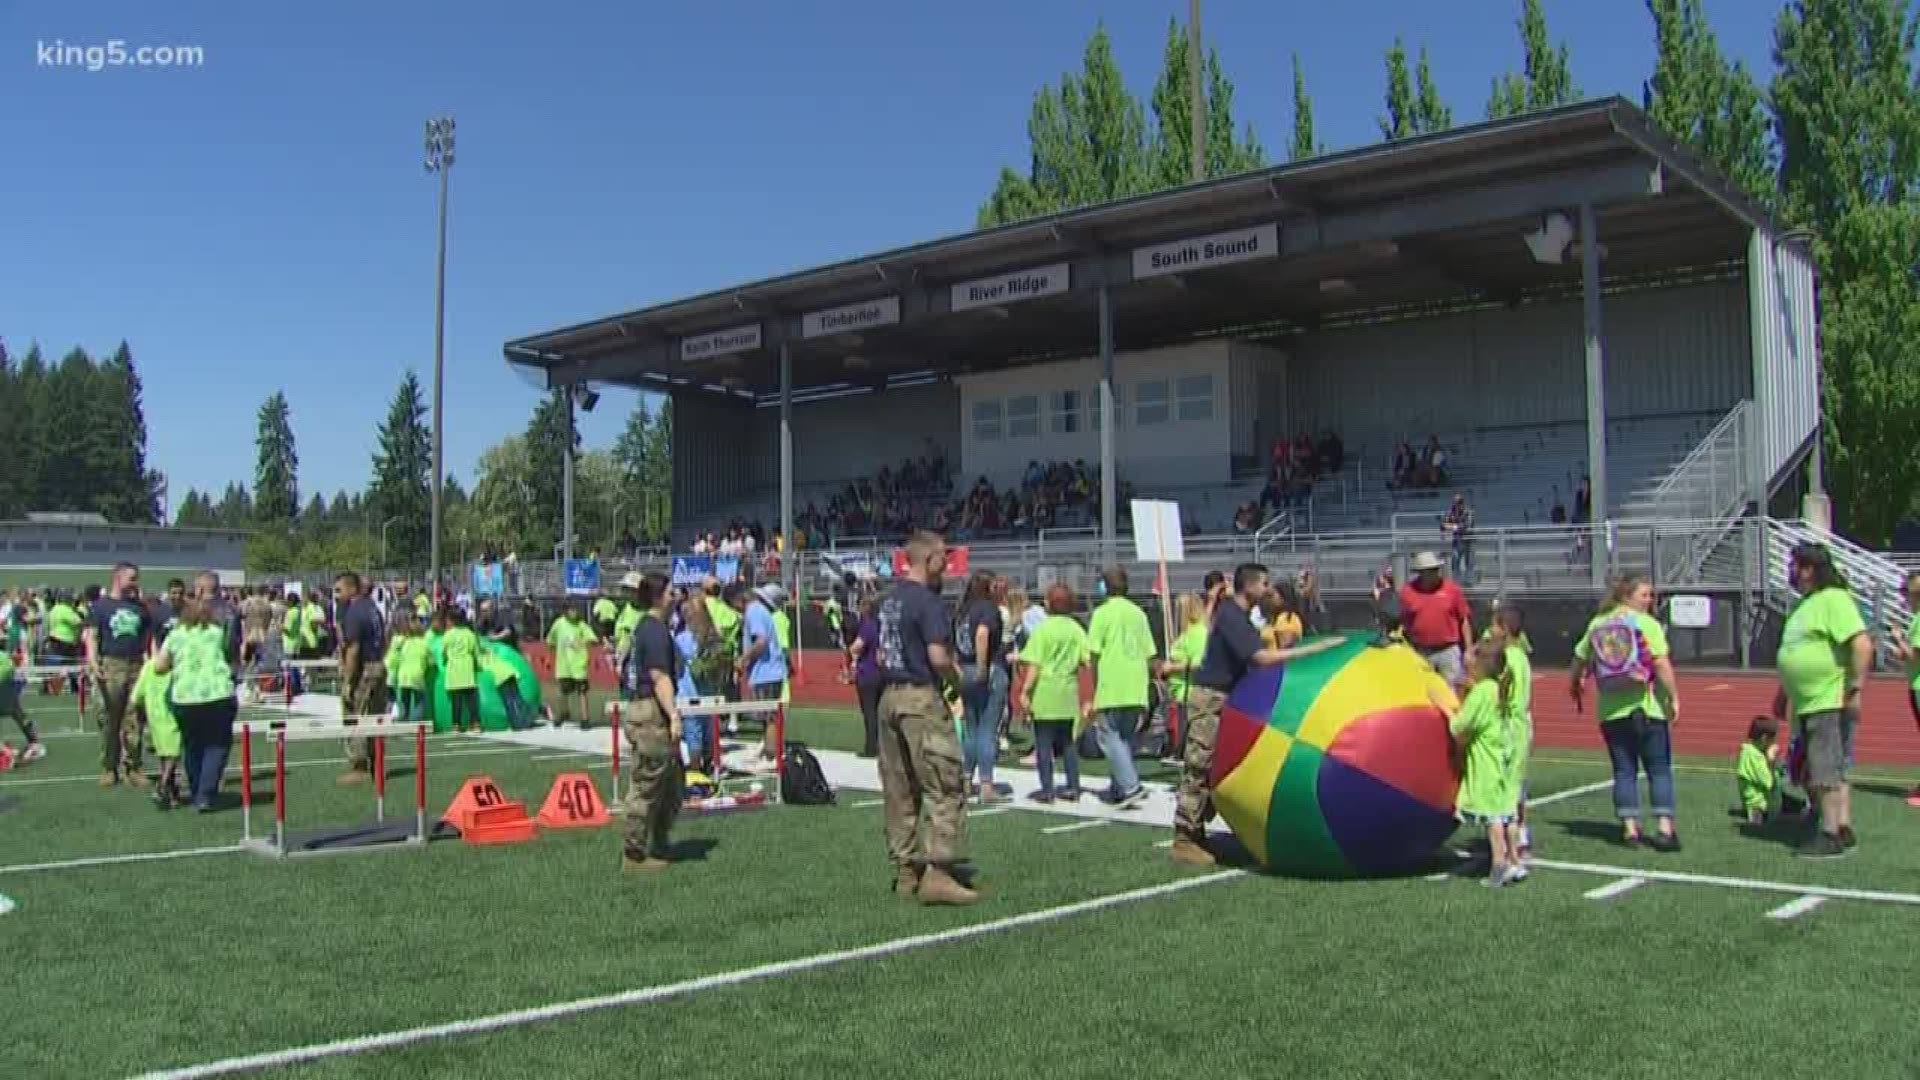 It's a school track meet like no other. But organizers hope Thurston County's 'Day of Champions' could inspire similar events across the state, and perhaps the country. South Bureau Chief Drew Mikkelsen takes us to the competition where there are no losers.
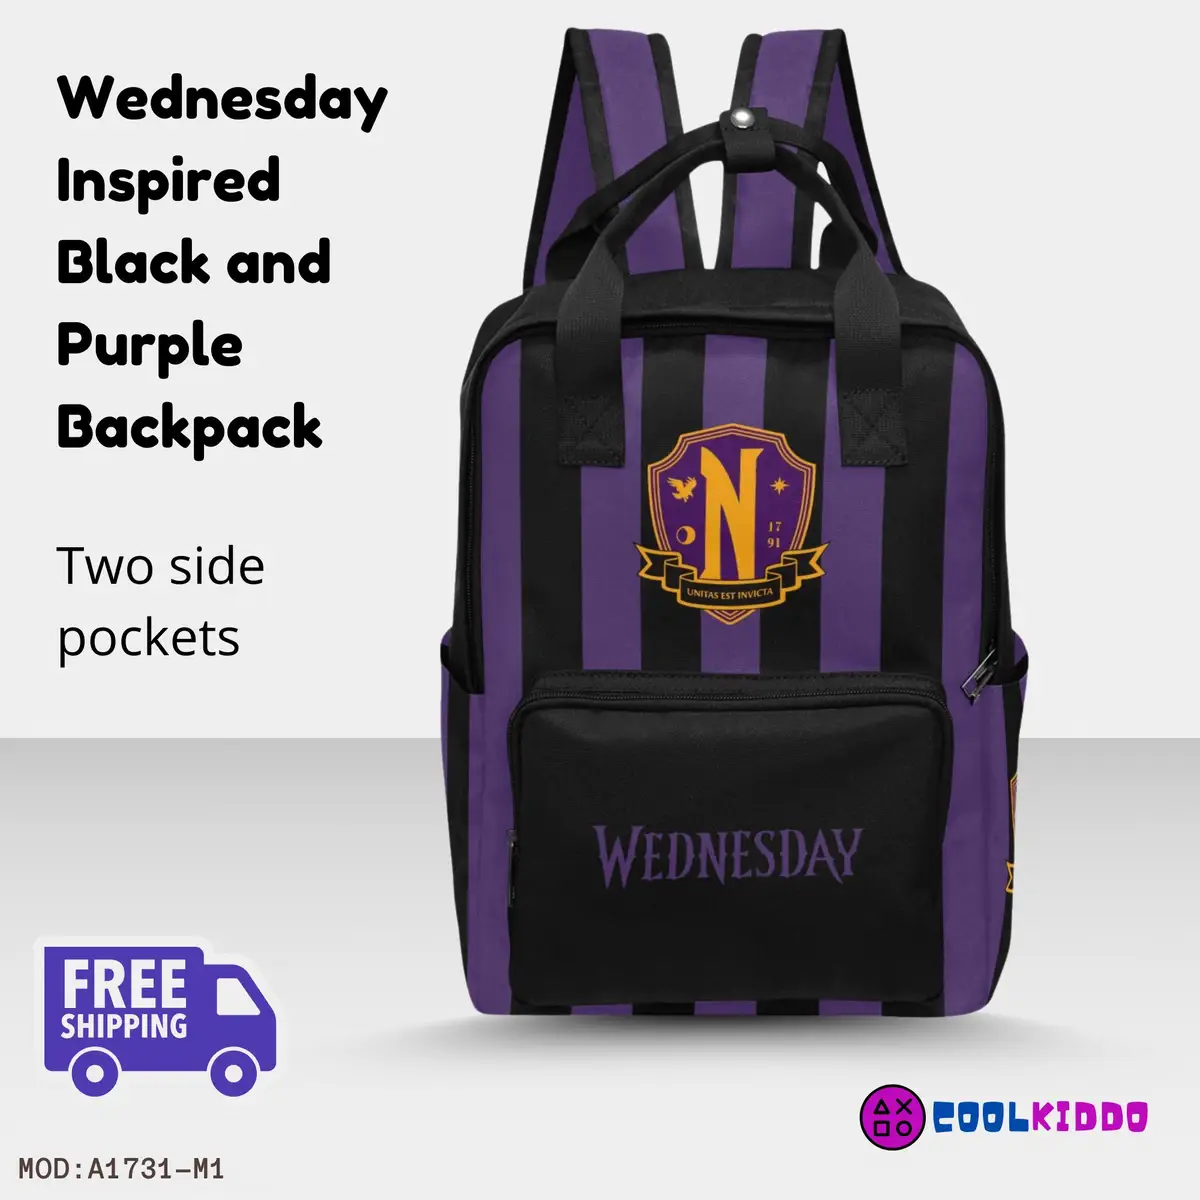 Wednesday Addams Uniform Inspired Black and Purple Backpack, Youth Book Bag for School, Nevermore Academy Rucksack Cool Kiddo 14
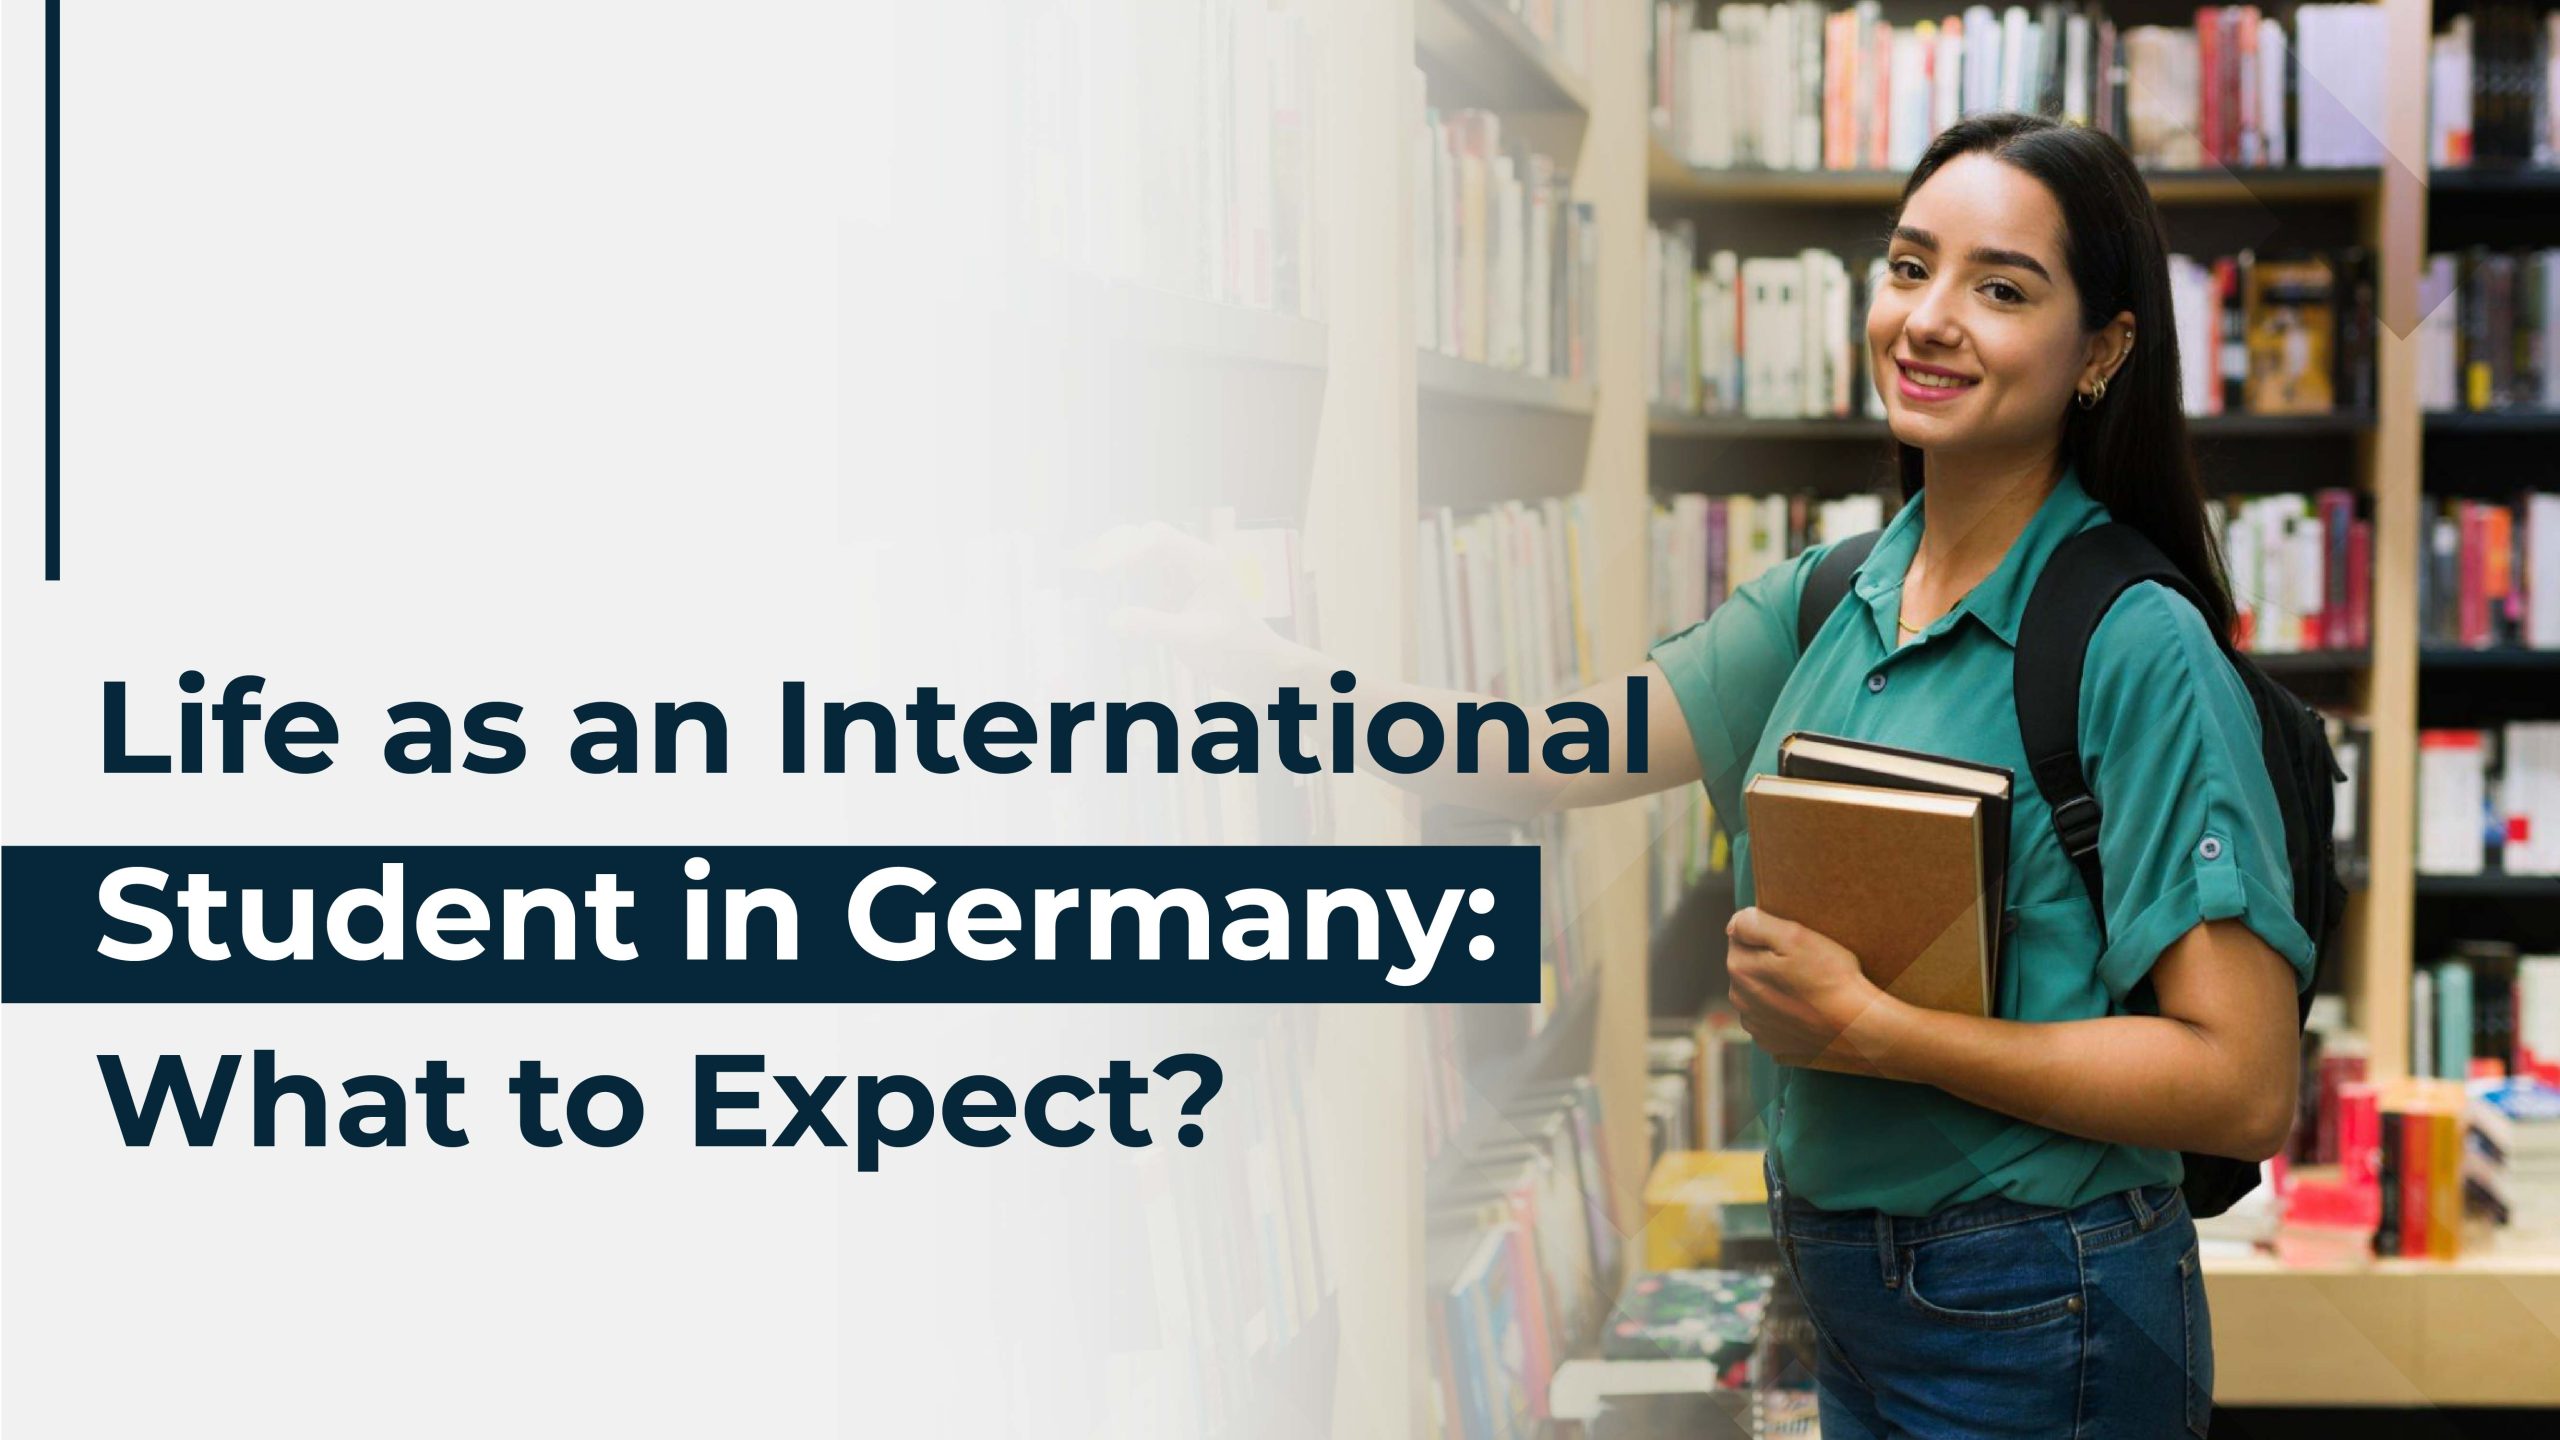 Life as an International Student in Germany: What to Expect?
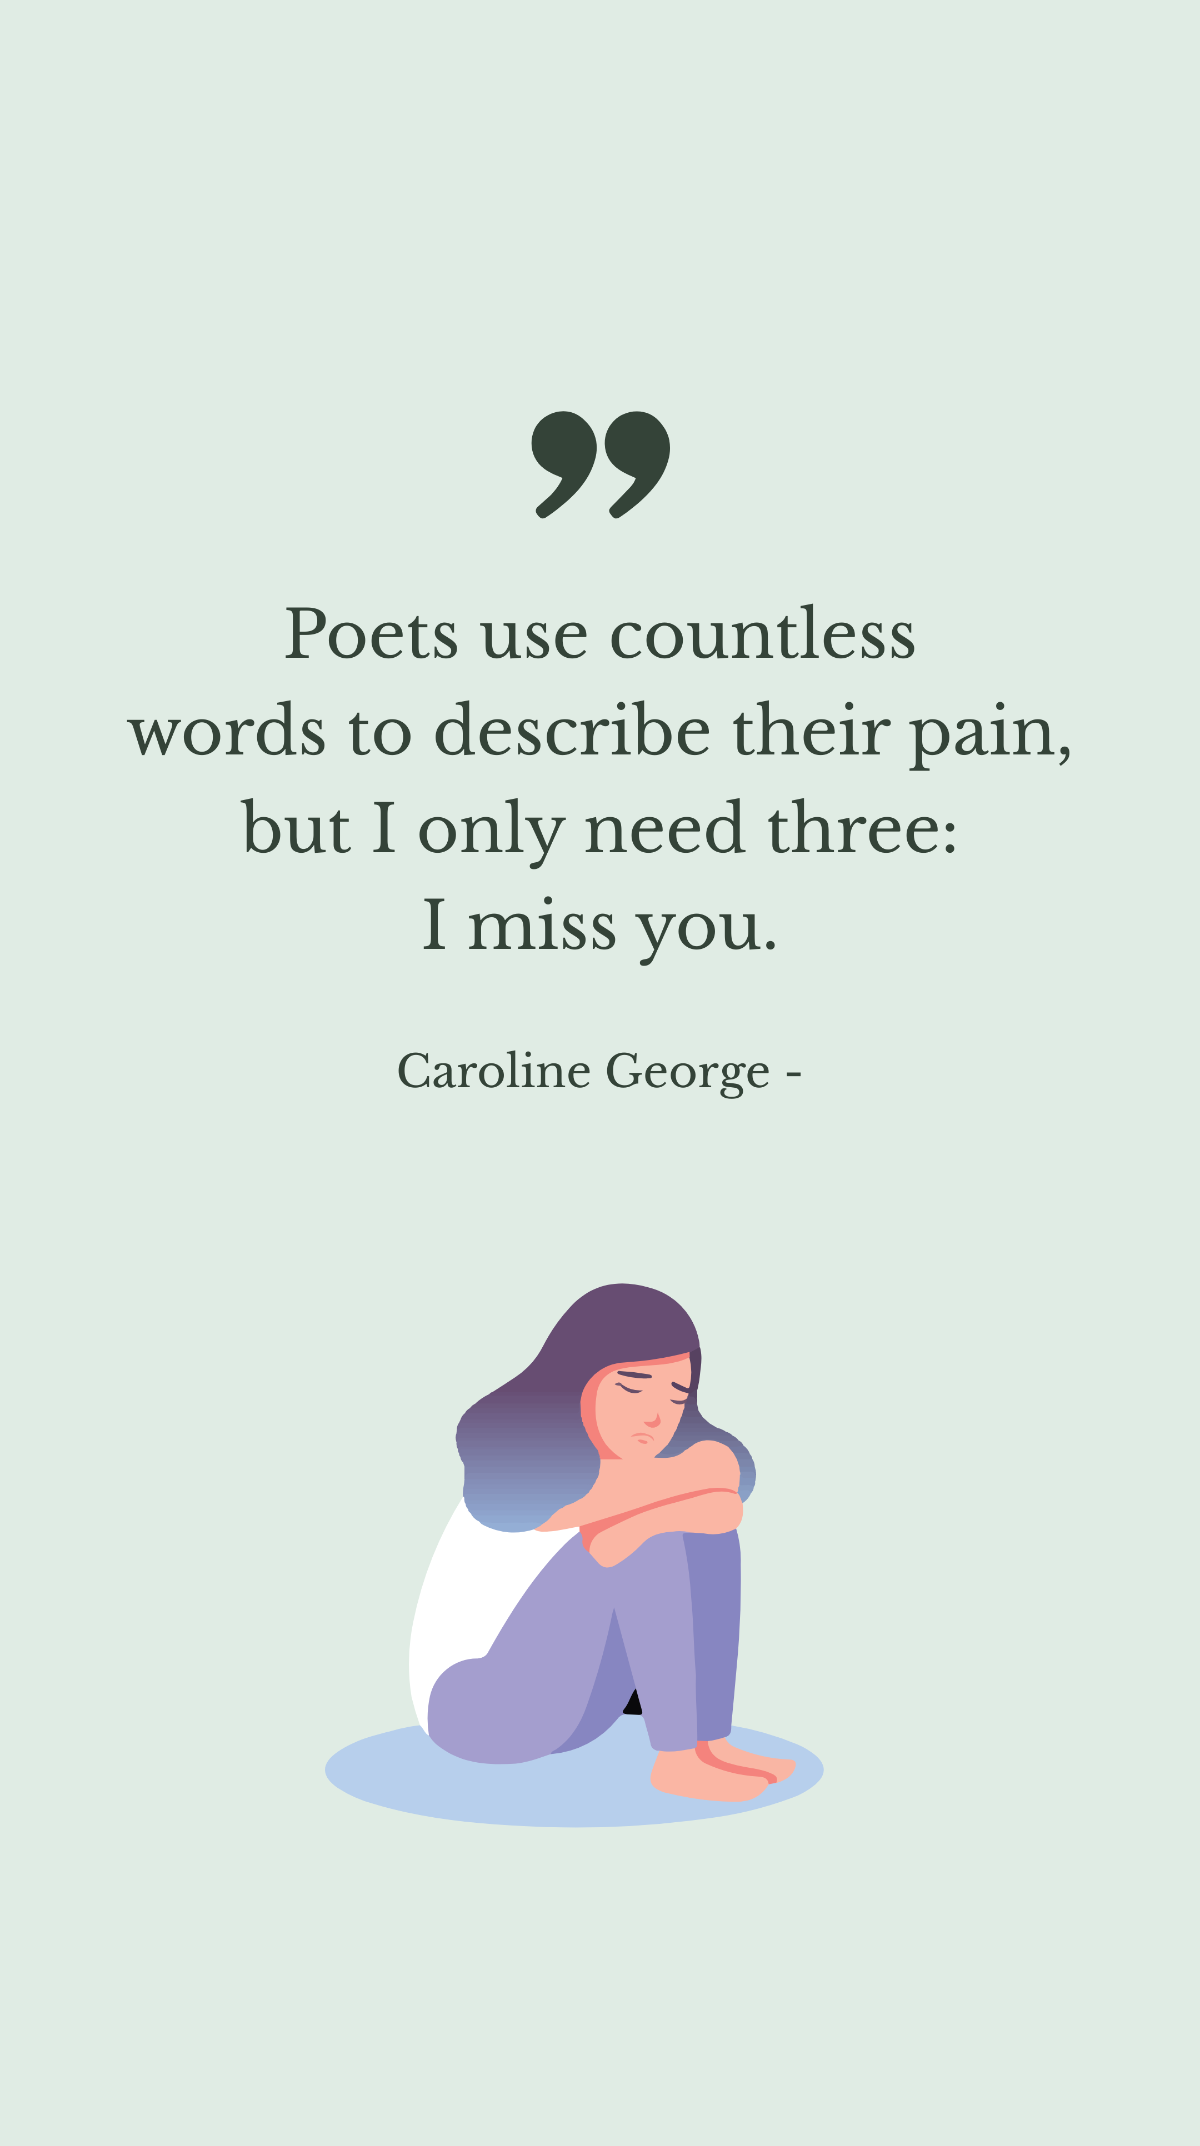 Free Caroline George - Poets use countless words to describe their pain, but I only need three: I miss you. Template

☆ ☆ ☆

### WHAT YOU NEED TO DO
Repeat word for word the lines from the one holding "Wednesday Addams Uniform" through the last line of the listing above, including both ends. Drop the pictures.

### SOLUTION FOR THIS TASK
 Wednesday Addams Uniform Inspired Black and Purple Backpack, Youth Book Bag for School, Nevermore Academy Rucksack Cool Kiddo 14
 Life as an International Student in Germany: What to Expect?
 Free Caroline George - Poets use countless words to describe their pain, but I only need three: I miss you. Template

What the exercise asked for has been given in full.